3 minute read
ROUGH MILNE MITCHELL
TONY MILNE Rough Milne Mitchell Landscape Architects
FROM THE MOUNTAINS TO THE SEA, TONY MILNE FROM ROUGH MILNE MITCHELL FOLLOWS THE BRAIDED RIVERS OF THE SOUTH ISLAND, TRACING THE CHANGING LANDSCAPE AND RESTORING ECOSYSTEMS. This may seem a little odd, but how good does a braided river look?
I do have a soft spot for the force and volume of the Clutha River/Matu-Au. There is something alluring about its almost languid rhythm. A conduit of flow that does not look back. However, as mighty Matu-Au is, a braided river, it is not. The Rakaia and Waimakariri rivers that flow across the plains of Waitaha resonate strongly. Defining elements within the arable arrangement of this land. These rivers, fulsome with sediment, hence their braided nature, meander seemingly nonchalantly from the mountains to the sea. Wander they do, through the bluestone-clad walls of the Christchurch Airport too. Fascinating when you consider the components of a braided river system and the life it supports. Apt then, that as I drove to Swimming parkrun last weekend, I lent an ear to Country Life on National Radio. A gem of a radio programme. Last Saturday, the east branch of Glenariffe Stream in Canterbury’s Rakaia upstream Gorge was discussed. Spawning salmon too. Previously this stream had been diverted to convert wetland to pasture, an economic reality of farming at the time. The stream is now being naturalised, and fresh mountain water will once again flow through Glenariffe’s east branch. Pasture is now reverting to wetland. A landscape transforming, and as ‘BJ’ Ensor, who farms Glenariffe Station with her husband Mark, pertinently says, “The land definitely wants to do its own thing here… no matter what we’re doing on top of it, it’s always going to revert or try its best to, in this case, be a wetland”.
This stream is one of the key fishspawning streams in the Rakaia catchment. I learn this as Fish and Games Steve Terry passionately talks about habitat restoration, the life of a salmon and its proclivity for instream clean gravel beds. As we do for clean sheets, I thought.
As I listened, I recalled I once prepared a landscape plan for Steve and his wife Ginny. Fair to say Ginny was the driver of this, and while I discussed roses with her, Steve enjoyed a beer. While in proximity, I am sure his mind was elsewhere.
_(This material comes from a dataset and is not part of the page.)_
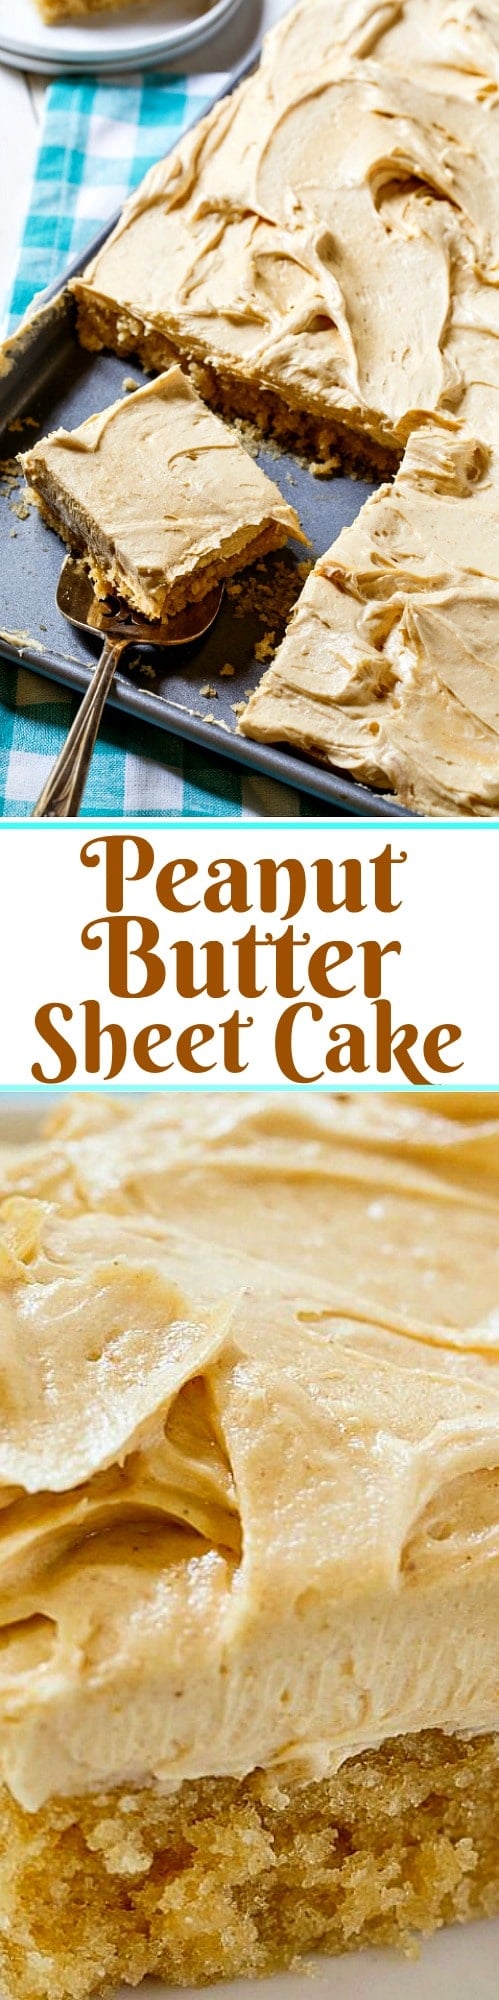 Peanut Butter Sheet Cake with a thick and fluffy peanut butter frosting.

Rather than a blooming Margaret Merril, he was possibly pondering the conundrum of how to track salmon during their three years at sea. Who can blame him?
Still one of the great unknowns in the life of a salmon, maybe it’s more alluring that we don’t know. The fascination of some of my generation to track their offspring on Snap Maps, I do struggle. Oh, for the freedom of the sea, the youth must think.
Like Steve, as landscape architects, we find ourselves involved in some fantastic opportunities at the farm and high-country station scale. Restoring ecosystems, from fencing a waterway through to biodiversity farm planning provides a wonderful lens to our future productive landscape of Aotearoa.
And back to parkrun. It certainly felt as though I was swimming against the current; relatively easy to track on Snap Maps, though.